I mean, ask him whether he talked about—whether he talked about sanctions with Kislyak, and you know that he did.
What's the materiality of it?
You already have that information, which is part of a perjury prosecution.
So, I mean, there are many, many reasons why this case should be dismissed by the judge.
If for no other reason but to tell the FBI and the Justice Department and independent prosecutors, you can't do this in our system of justice.
You're not tricksters.
And just because somebody is a political opponent and you want to get rid of them, you can't just kind of trick them into a crime.
Short of that, there's a good chance the judge may allow the general to withdraw his guilty plea and to go to trial, in which case there's a very good chance that the New U.S.
attorney from St.
Louis who's been put in charge of this case would come to the conclusion that this case is just an outrage and an embarrassment to the FBI, the Justice Department, and really what would be necessary is a full investigation of the people who did it for whether they had violated his civil rights, as well as the civil rights of the President of the United States.

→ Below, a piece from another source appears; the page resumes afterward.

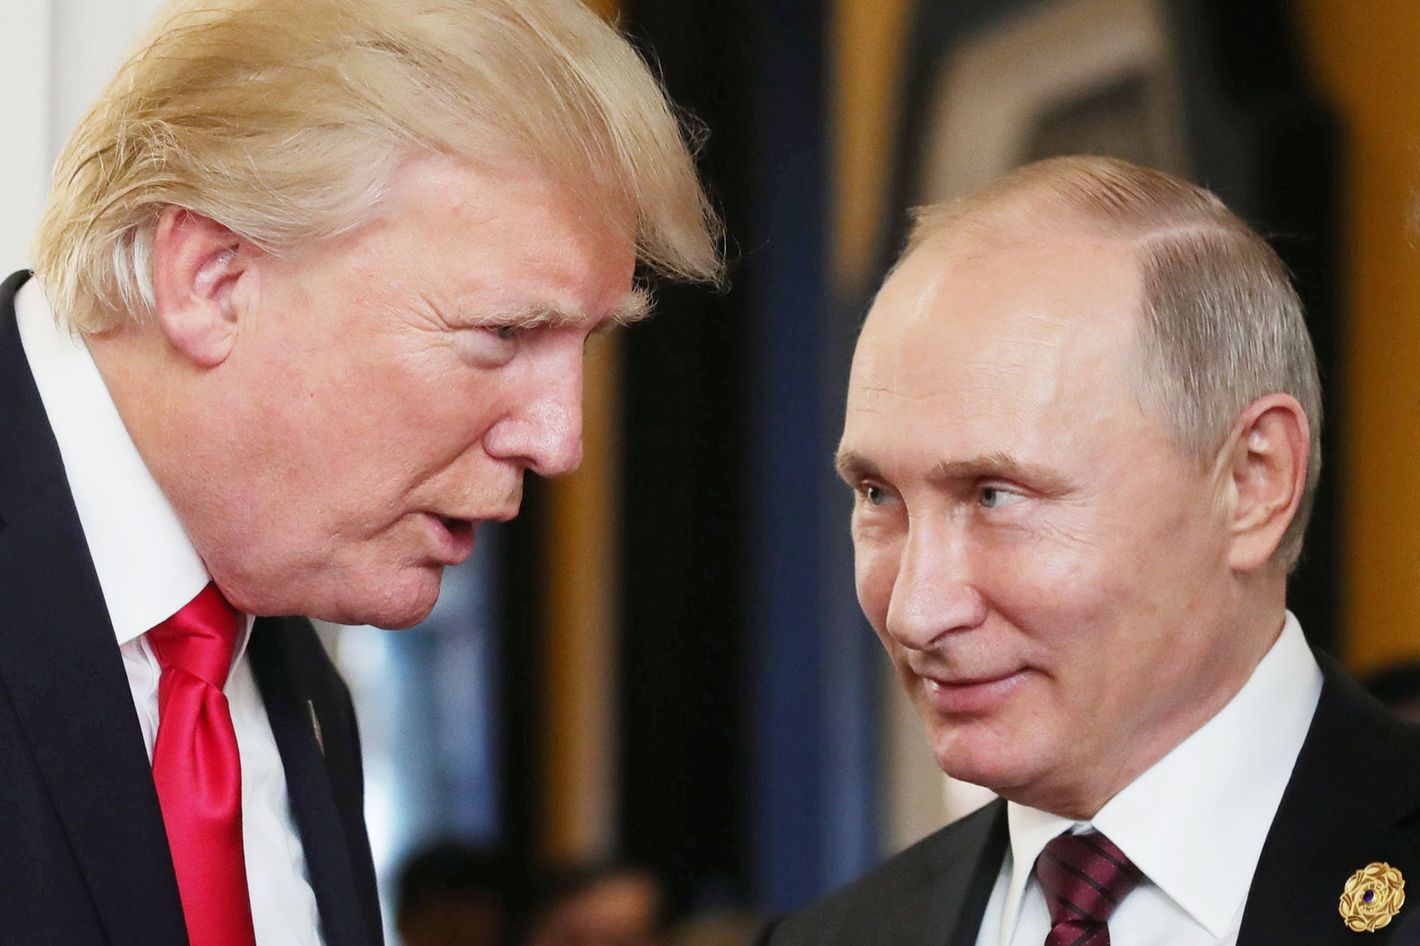 Трамп оценил встречу с Путиным
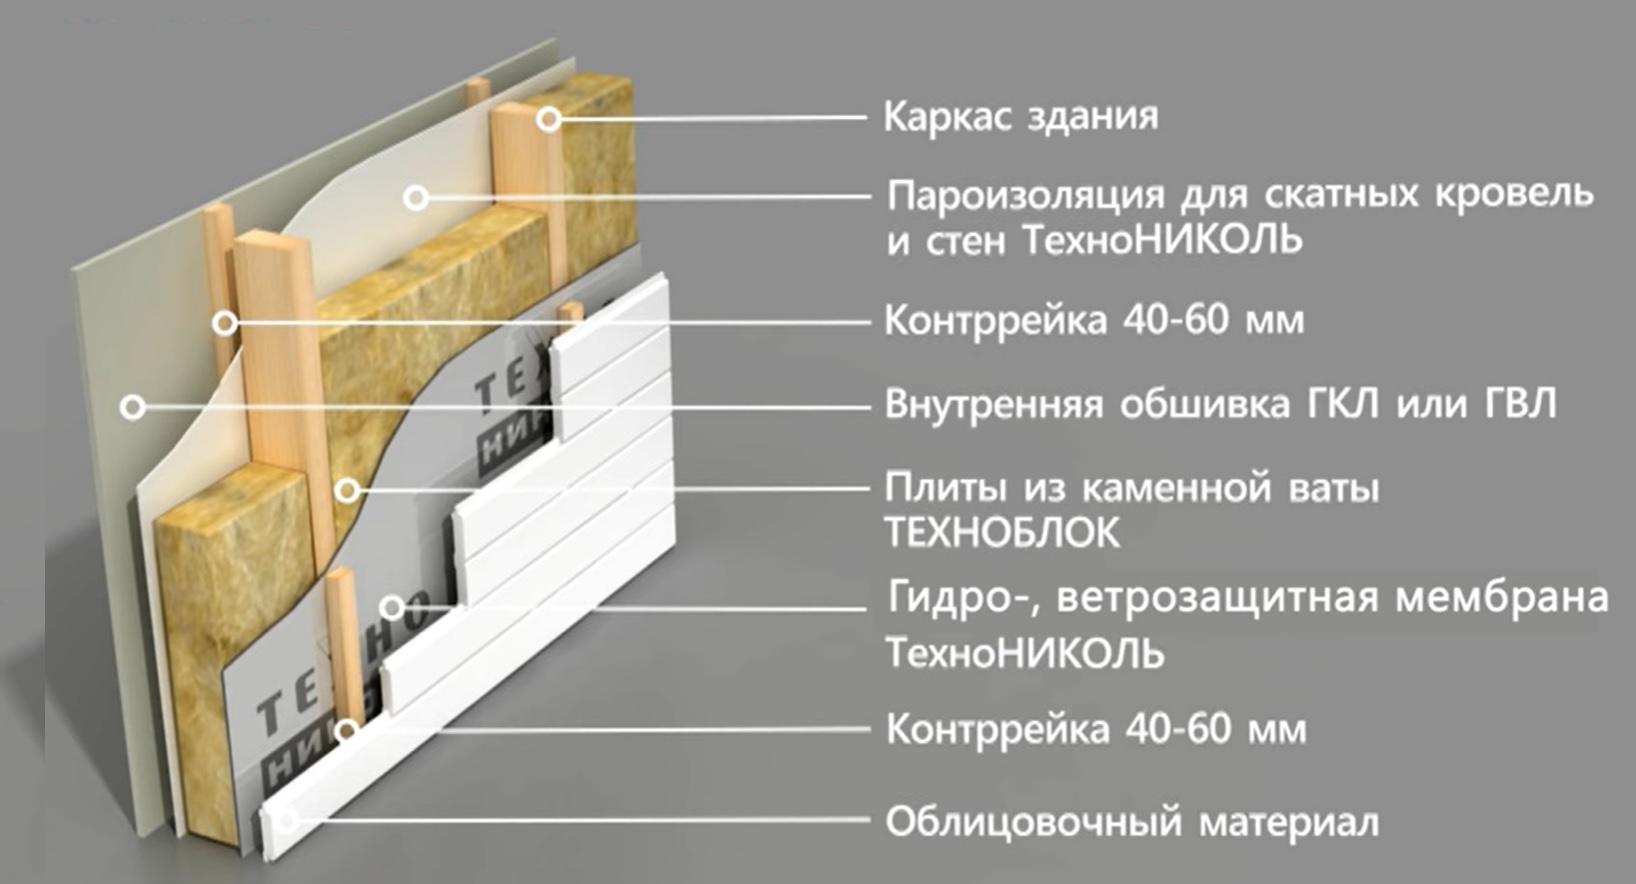 Каркасный дом своими руками: пошаговая инструкция сборки с фото

Well, that's at least my opinion, and we'll see what the judge decides, and we'll see if the judge allows it to go forward, which is always possible, dismisses it outright, or allows the plea to be withdrawn so the Justice Department has to make a decision with regard to a trial.
But in any event, it's a very, very sad chapter in our history, and it's something that needs to be fully investigated one way or another so that it doesn't happen to another administration and another unsuspecting staff member who stands in the way of people who basically want to overthrow the president.
Well, thank you very much.
This is Rudy Giuliani with Common Sense.
Today we interviewed Andrew McCarthy, and we'll be back with further comments and interviews very, very shortly.